CVS competition CVS is the most popular open-source code revision control system. Actually "most popular" is an euphemism - CVS enjoys total market dominance, being a default choice for individuals as well as being used by source-code farms like SourceForge. For many years CVS was unchallenged despite its many flaws, among which the most serious are:

  • it's slow
  • no support for versioned renaming files and creating/deleting dictionaries
  • no support for atomic commits over multiple files
  • weak tagging and branching support
  • no support for distributed repositories
There are few commercial tools that are more advanced than CVS (most notably Perforce and BitKeeper) but no open-source competitor was in sight until recently. Now there's in abundance of competition from: All those projects want to plug the most obvious CVS flaws and add some things of their own.

At present it looks like Subversion is most advanced. It has been worked on for a long time by a group of capable hackers and this group includes the authors of CVS. This is the only project that doesn't limit the software to *NIX platform but also includes plans for Windows binary (something of great interest to me). Subversion is self-hosting and the magic V1.0 should happen this year. The only problem I can see is that their solution is over-engineered (using Apache with DAV support as the server) which adds (unnecessary?) complexity to the software.

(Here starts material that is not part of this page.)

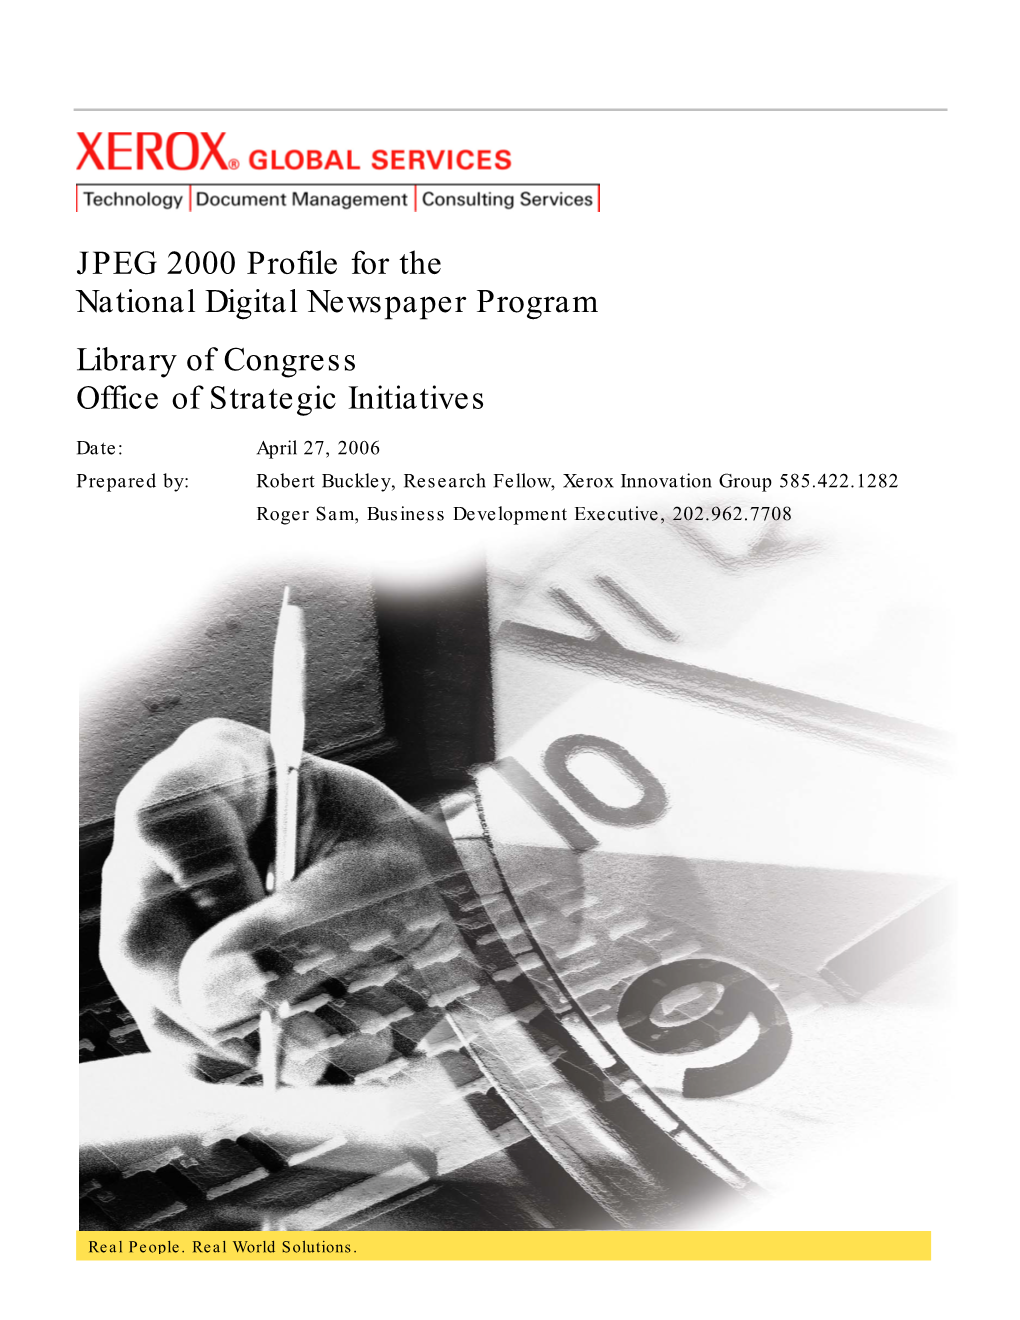 JPEG 2000 Profile for the National Digital Newspaper Program Library of Congress Office of Strategic Initiatives

Arch is a solo (so far) effort of Tom Lord, a brilliant (although eccentric) programmer. Arch's design seems to be simplest (simplicity being one of the design goals). Arch server could be an ordinary ftp server and most of the code is implemented as shell scripts. Arch also is self-hosting although after a dynamic start the development slowed down (it seems that author got distracted by re-inventing C, automake, testing framework, Scheme implementation and Wiki implementation and inventing a new business model for free software). Windows compatibility isn't on author's TODO list (although it's possible that someone else will provide that; a Perl port of arch has started and that should be usable on Windows).

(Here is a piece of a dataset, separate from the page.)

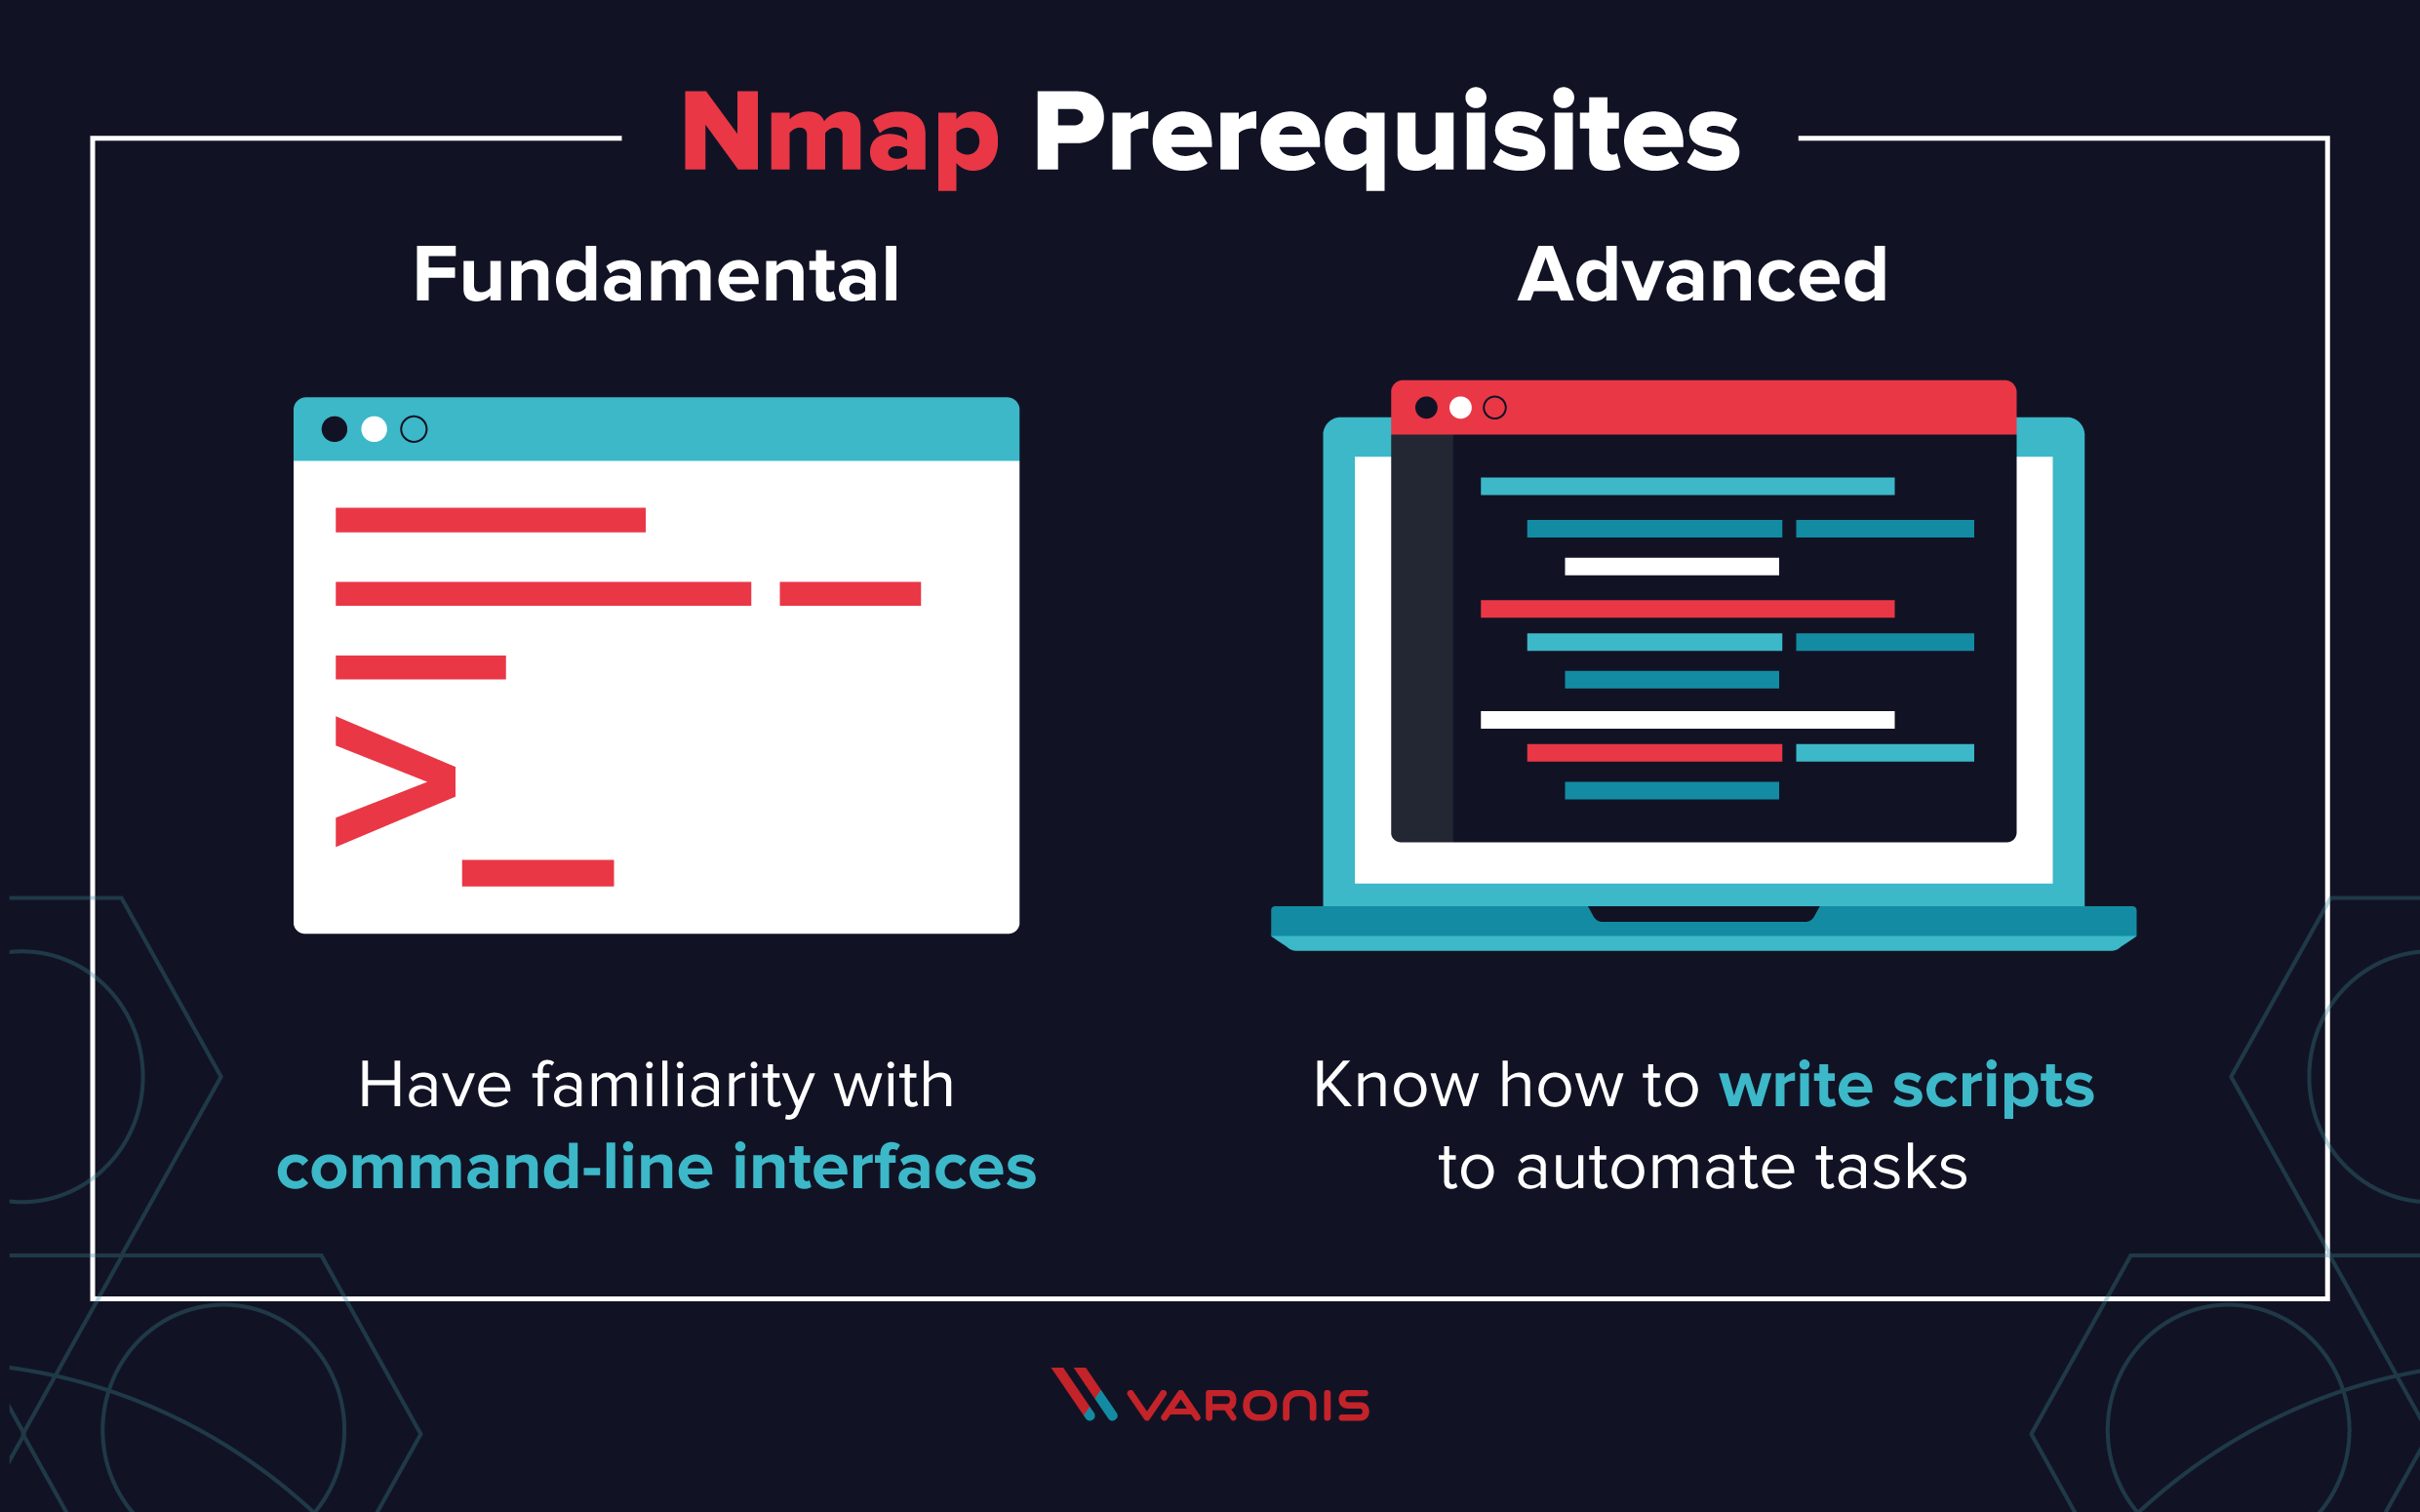 The prerequisites of using Nmap

The latest announcements comes from OpenCM, created by folks involved in EROS OS and E language. EROS is focused on security and so is OpenCM. OpenCM is also self-hosting (i.e. it more-or-less works). 

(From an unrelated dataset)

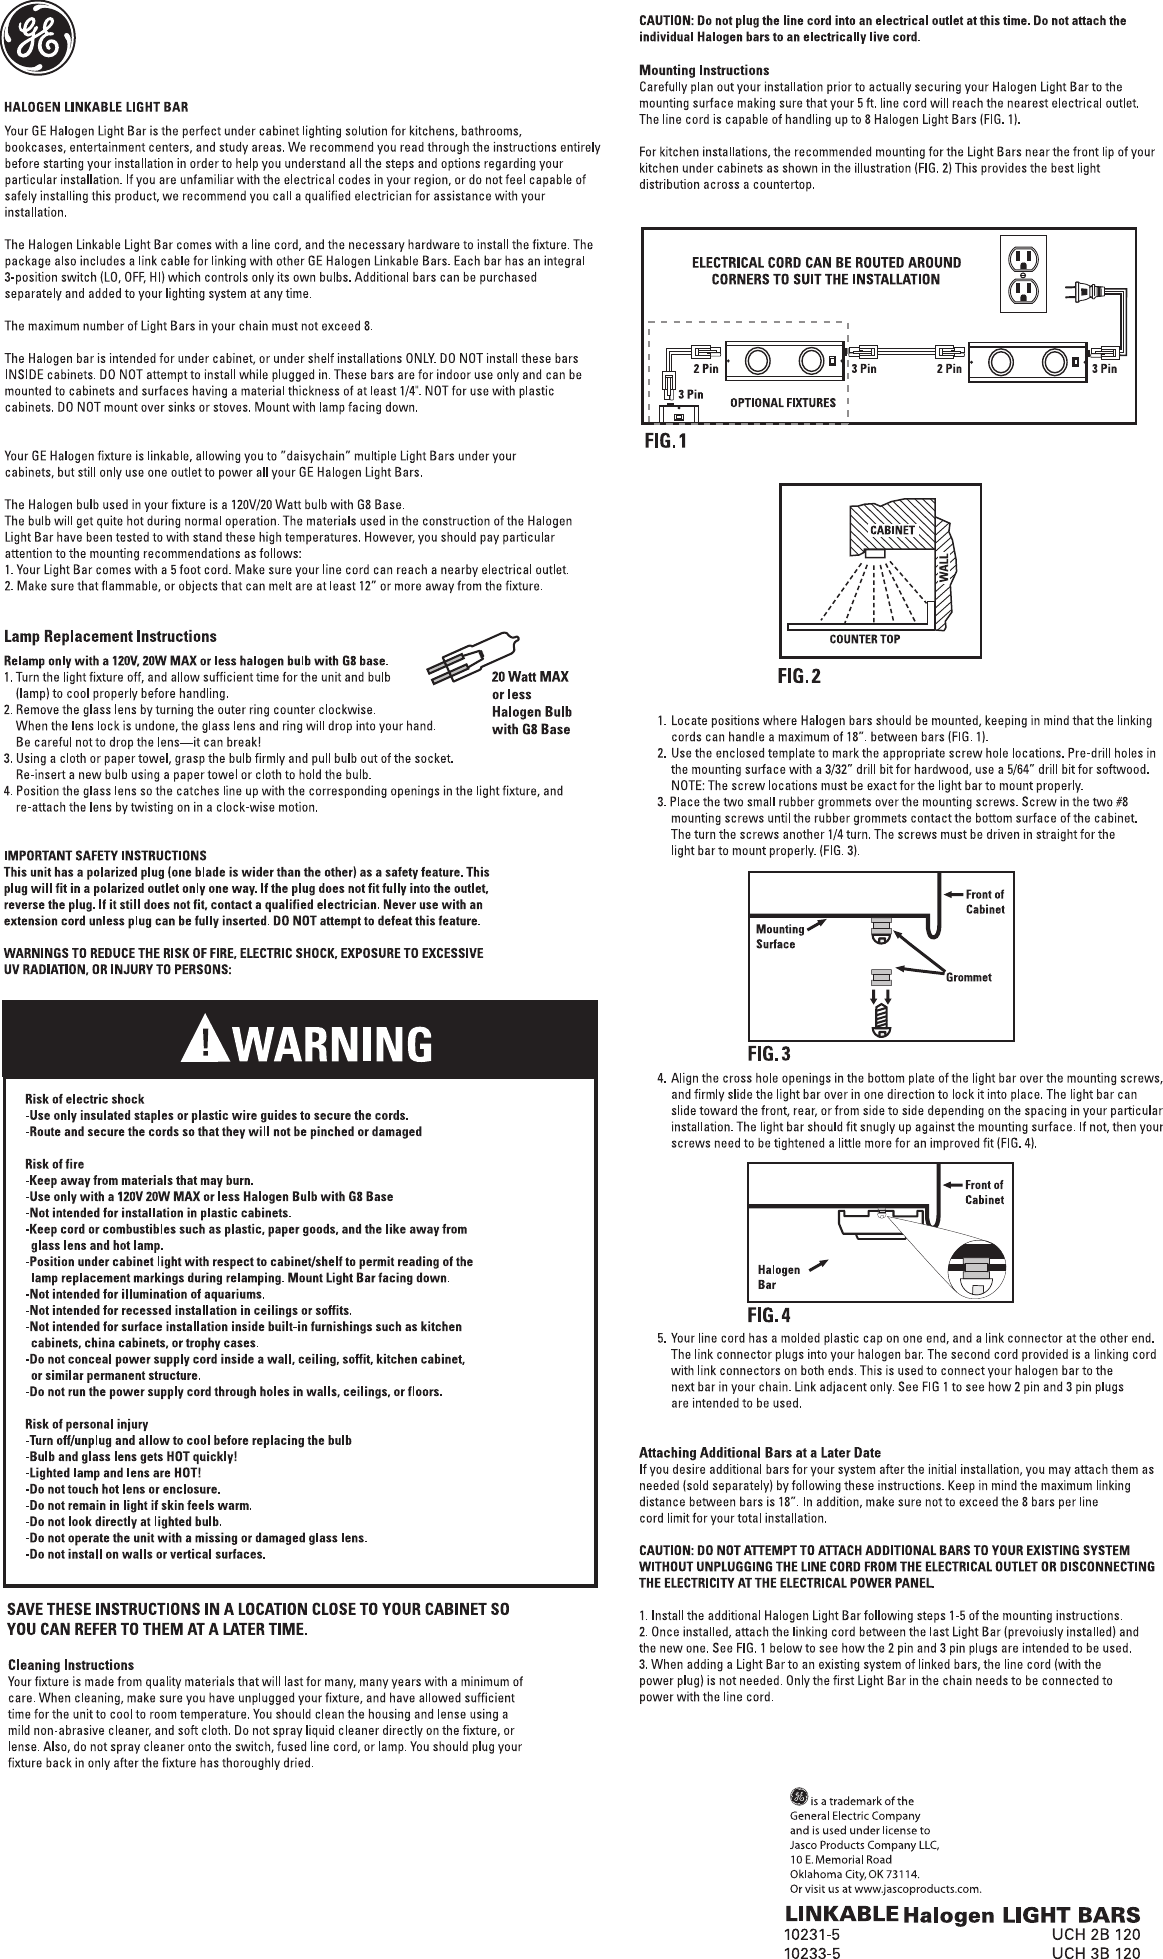 Page 1 of 1 - Ge-Appliances Ge-10233-Halogen-Linkable-Light-Bar-Owners-Manual 10233-5 Eng Instructions

It'll be interesting to watch how those systems will fare in a battle with CVS. Is this even possible to displace CVS at this time? It's not perfect but it might just as well be the best proof that "worse is better". Lots of people know and use CVS and they live with its weaknesses. There are plenty of additional tools for CVS: GUI front-ends for *NIX and Windows, web front-ends etc. Additionally those 3 tools will have to fight for a remaining mind-share between themselves.